2. Overlapping events confused the timeline
- During the same window, we were mitigating a large volume of fraudulent sign ups targeting some of our customers.
- This attack created its own periodic load surges every ~10 minutes, which overlapped with the database's 15-minute connection cycling.
- The similar periods led us to initially suspect the attack was the primary driver of latency spikes, delaying deeper focus on the database layer.
3. Confounding jobs and queries
- Our database also runs several recurring background jobs and scheduled queries.
- Some of these happen on 10, 15, and 30-minute intervals, which coincidentally aligned with the timing of observed spikes.
- These jobs, while legitimate contributors to load, became false positives during our investigation, diverting attention and masking the real synchronization issue.
4. Mixed symptoms across APIs
- Latency spikes were seen in our Frontend API but not consistently in our Backend API, which has the same connection pooling logic.

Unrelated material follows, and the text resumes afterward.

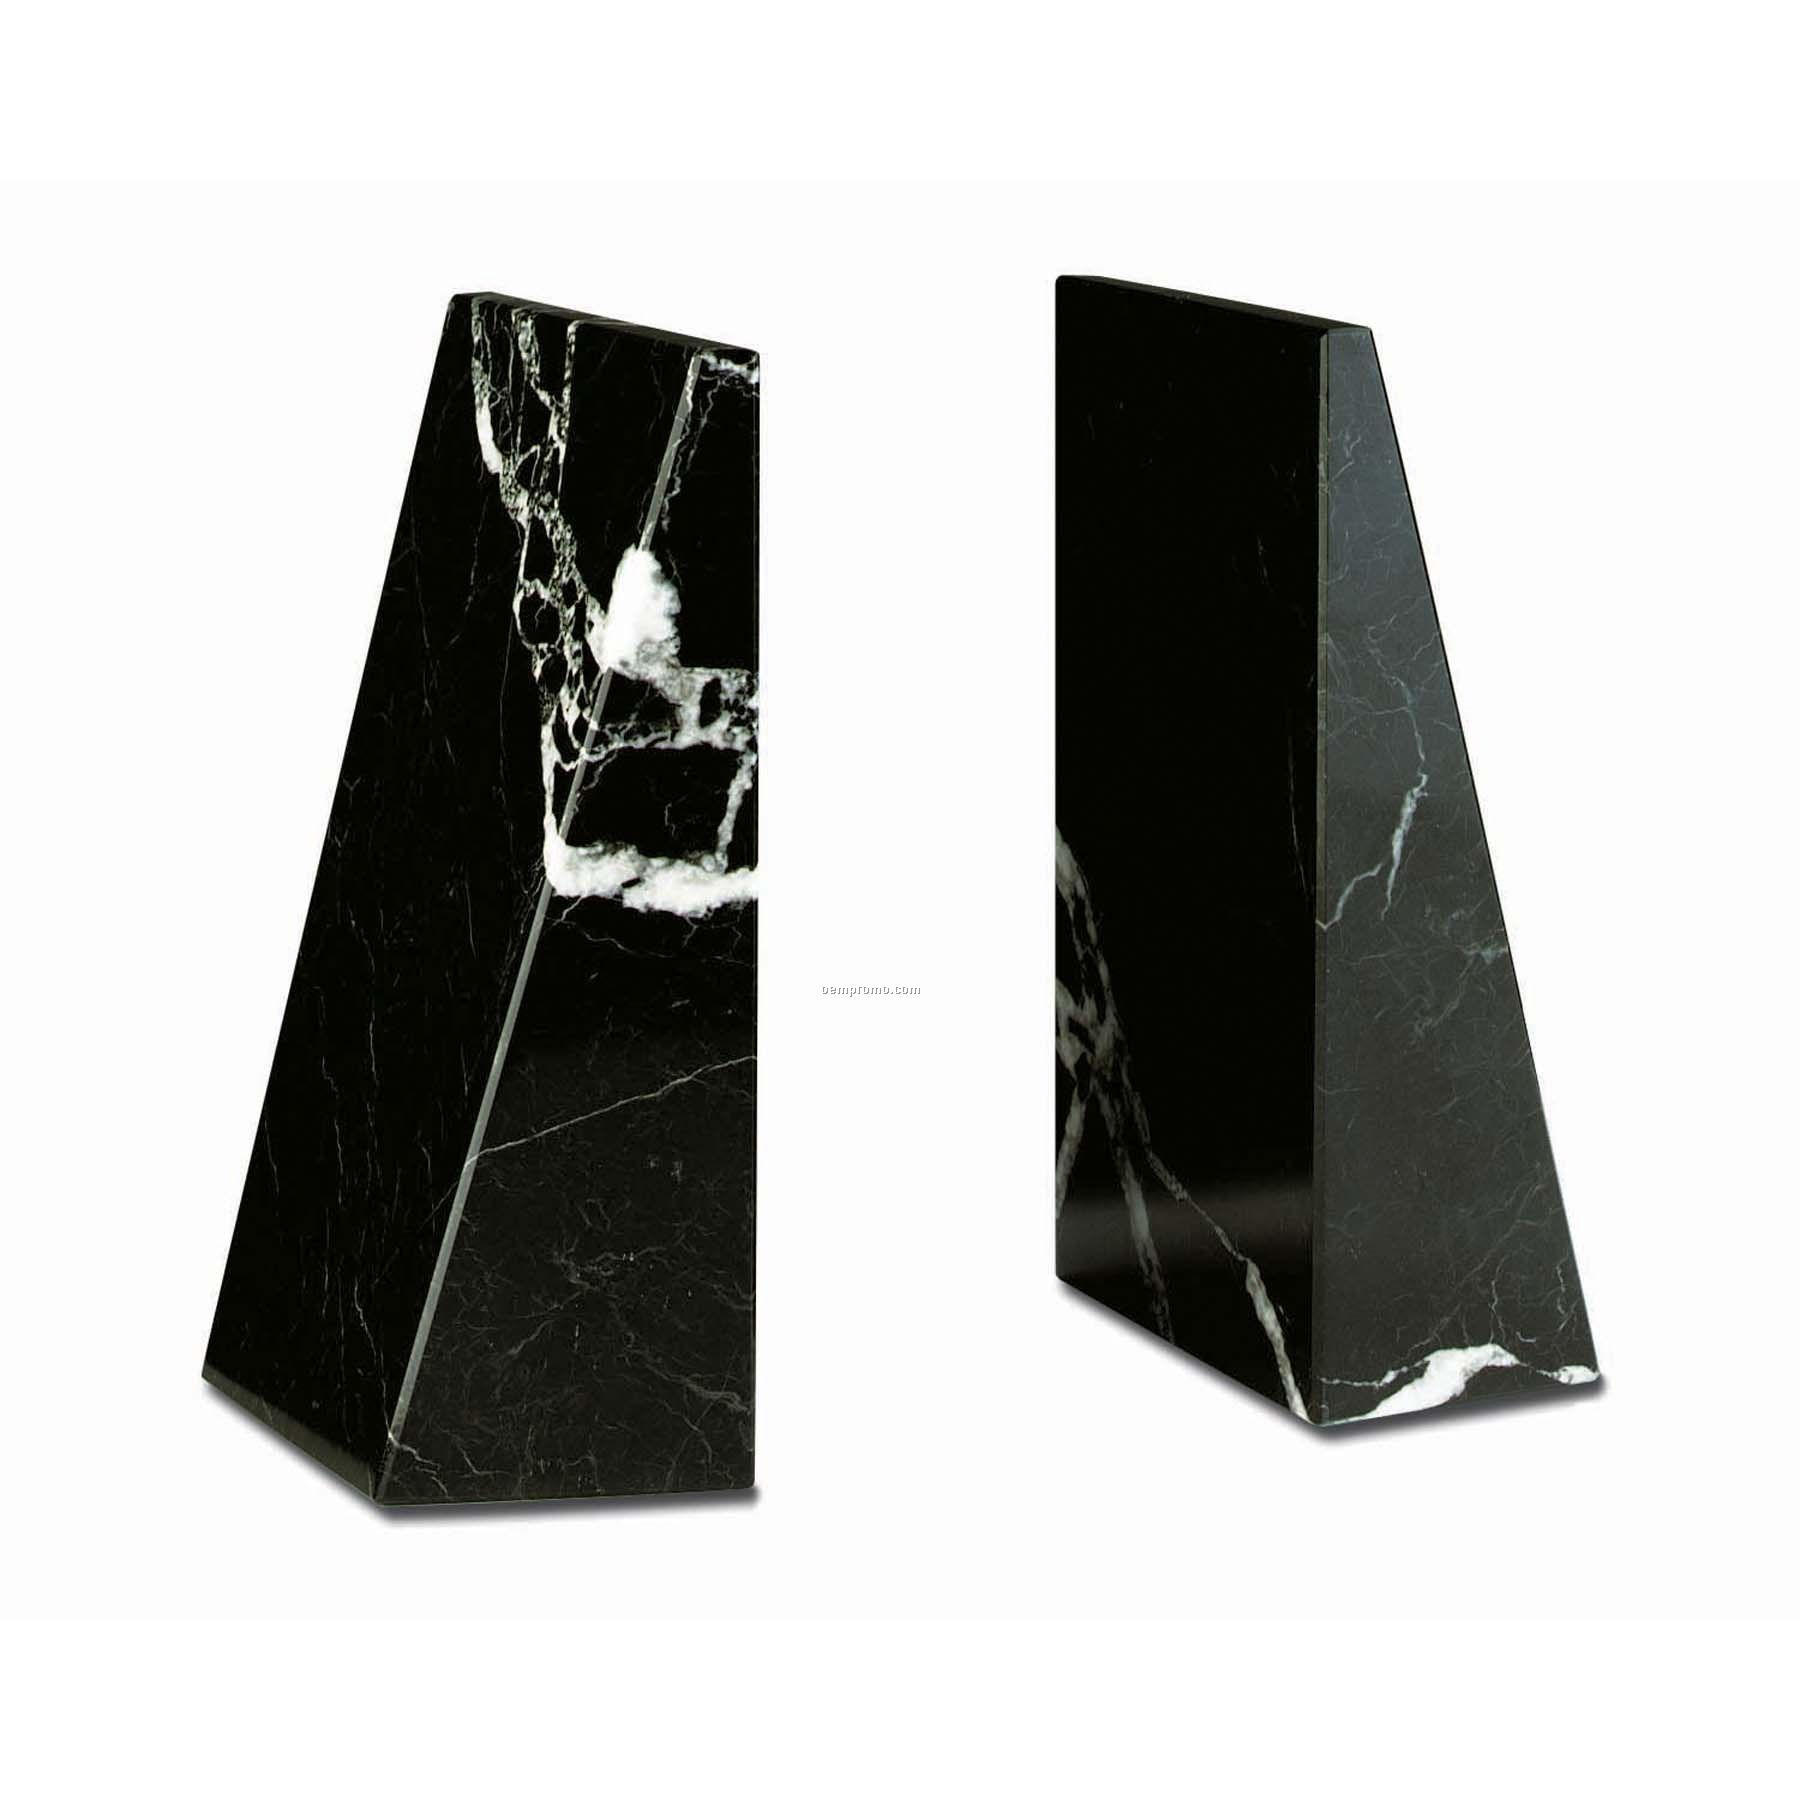 Tapered Professional Bookends - Black Zebra

- This discrepancy made the issue harder to triangulate, as it suggested selective load / query inefficiency rather than a systemic connection pooling effect.

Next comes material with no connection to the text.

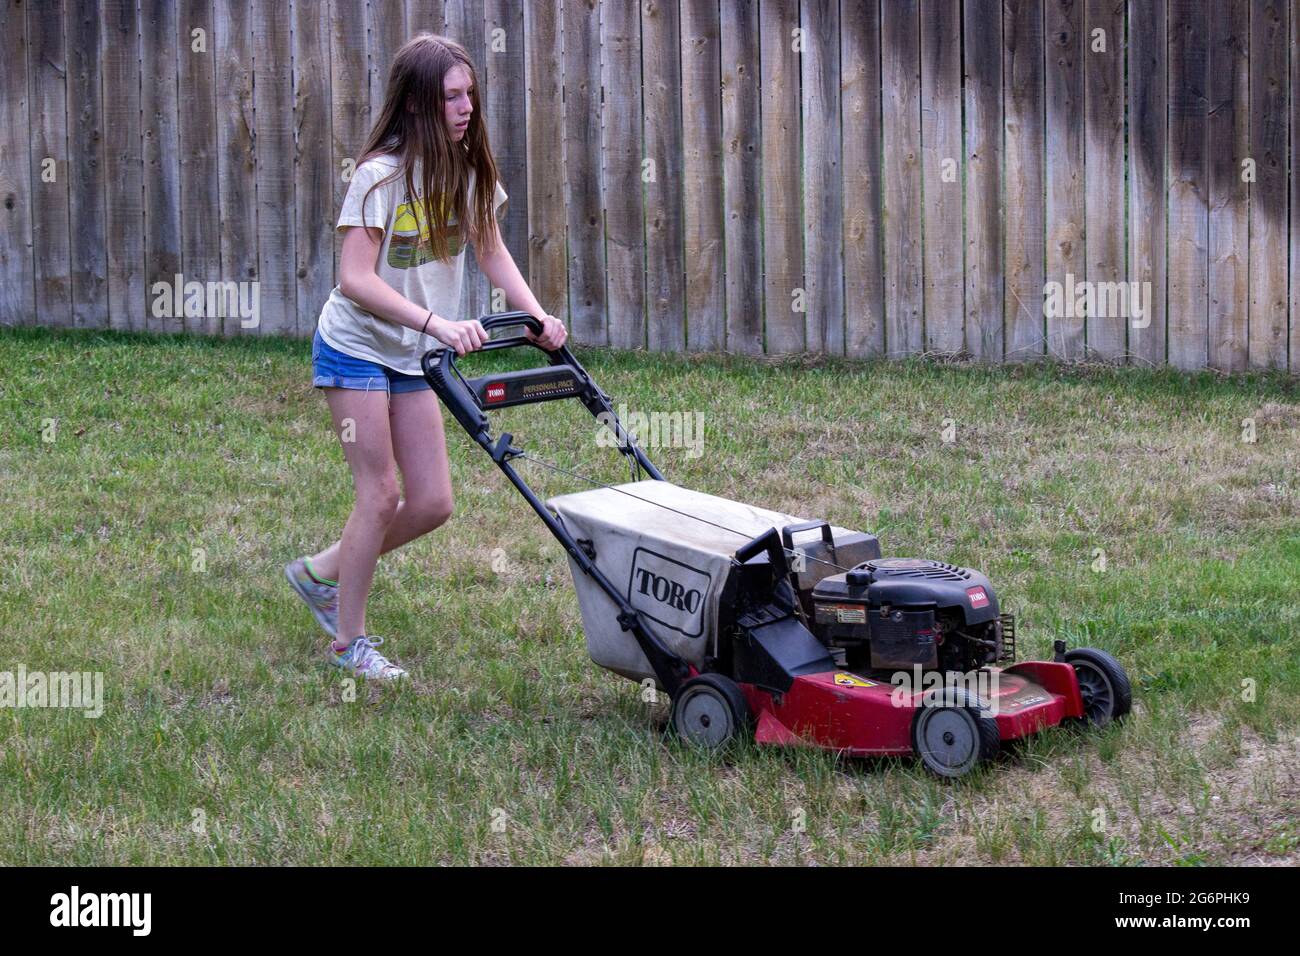 A groundskeeper mowing with a large toro mower Stock Photo - Alamy

- Looking back, we believe that we did not observe this with our Backend API, due to the fact that it simply just manages a lot less connections (and the Database could handle the cycling load, even if they all became synchronized).
5. Release freeze effect not obvious
- Ironically, we imposed a release freeze (intended to minimize risk during the incident) unintentionally made the issue worse, since normal deployments naturally stagger the connection creation across machines as the fleet of machines rolled out.
- Because this wasn't an intuitive connection, it obscured one of the clearest signals that would have otherwise pointed to connection synchronization.
Resolution and current status
- We adjusted our connection pooling strategy to include a jitter to prevent synchronized cycling.
- Since the fix, the database has remained stable and is performing better than before the upgrade, due to the performance improvements that were implemented during the incident.
Additional remediations and closing
Of course, we are incredibly sorry for the downtime this incident caused, but we also know that apologies are not enough. While we are excited this incident is behind us, it's important to stress that we're not moving on from infrastructure improvements. Incidents like this are unacceptable, and we recognize Clerk has faced too many recently.
Since our June 26 incident, our team has been urgently focused on improving our resilience. We've shipped improvements every single week, and internally, we have more confidence in our reliability, and our reliability roadmap, than ever before.
Beyond the narrow resolution to this issue, we have additional remediation work planned. Most notably:
- Evaluating other database providers: Over the past month, we have already been evaluating database solutions that offer more control over upgrades and downgrades, and improved performance compared to our current provider.
- Additional service isolation: Our ability to keep sessions operational during much of this incident was a direct result of our remediations following the June 26 incident. Now, we want to extend that concept further. For example, isolating Sign Up and Sign In infrastructure from other parts of the system.
- Continued database optimizations: Throughout this incident, we implemented a handful of new-to-Clerk optimization techniques to our most costly queries. We'll continue marching down the list to further improve our database performance.
- Investigating solutions for tenant isolation: Throughout this incident, we received many requests to isolate one application from others, and we recognize the potential benefits of that approach. We are encouraged by many modern approaches to sharding and multi-tenant infrastructure, and will continue evaluating solutions. In full disclosure, this is likely on a longer time horizon than the other improvements.
We know every incident carries a cost for you and your users, and we take that responsibility seriously. Our focus is on earning back your trust through reliability, not words, and to ensure that Clerk is an infrastructure partner you can always count on.